Q: What are the top two or three things hotel guests do, besides not tipping, that will instantly tick off the staff?
A: I think yelling, right away. I think there's a big difference between a request and a demand. I think a lot of people lose that line, and that's a very good way to irritate staff – demand as if everything is deserved for you when there's other people who have guaranteed reservations.
Snapping their credit card on the desk, that's one of my little personal pet peeves. Being on your cell phone during check-in (is) very, very rude.
Q: What are the grossest parts of a hotel room that people should avoid?

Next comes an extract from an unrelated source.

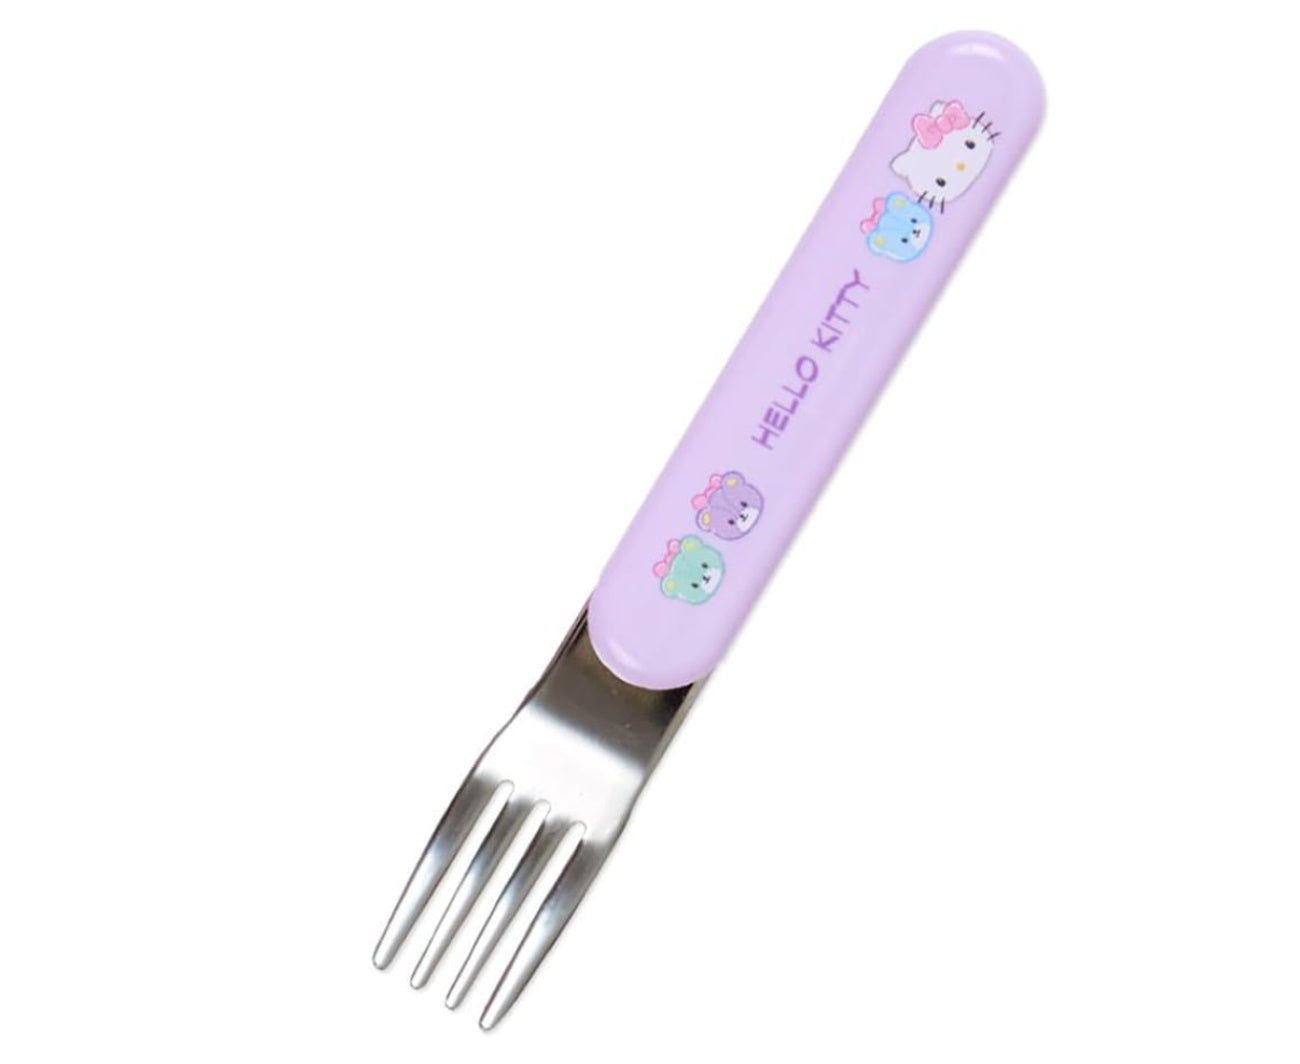 Hello Kitty Cutlery Set in Case

I noticed you made fun of the guests who brought their own pillows, but if you watch "CSI," you know the bedding is disgusting even after it's been washed.
A: The duvets themselves are a little disgusting. Now what they're going to do is, they're going to put a duvet cover on there, and the duvet cover will be washed, but the bedding itself inside is a little bit disgusting. That's not cleaned as often as you think, since they think it's OK just to put their duvet cover on it.
Or maybe in a more budget motel, you've got that scratchy blanket. They'll put it in between two sheets and think that makes it sanitary. You might just want to take that off the bed completely and just use the sheets.
The minibar glasses, oftentimes it's the responsibility of the housekeepers to clean, and you can look on their cart and there's no dish soap. So often, they clean them with what they can, aka shampoo and sometimes Lemon Pledge, because Pledge leaves it streak-free and they're judged on making sure the glasses are clean.
The TV remote, if you've ever tried to clean a TV remote, even in your own home, you're going to realize how hard it is because of the sticky rubber buttons – which you really want to clean, because when the thumb presses down and touches the plastic underneath the button, it's very hard to clean that. Of course, any number of things can happen with that remote in a previous guest's hand.
Q: You said that you're a full-time writer now. How did that come about, and what are you working on now?
A: I could write an entire other book on hotels. If you get near the end, I was assigned anger management and all this stuff, so there's a whole other series of events that took place after the chronological ending point of the book. I'm expanding. I've written some articles on fashion, and there's one I've got coming out on dating in the 21st century.
So while I was at the hotel, I wasn't just sitting there being a front desk agent. I've been trying to be a writer my entire life. The front desk was paying my rent while I was constantly looking for agents and constantly working and working and working.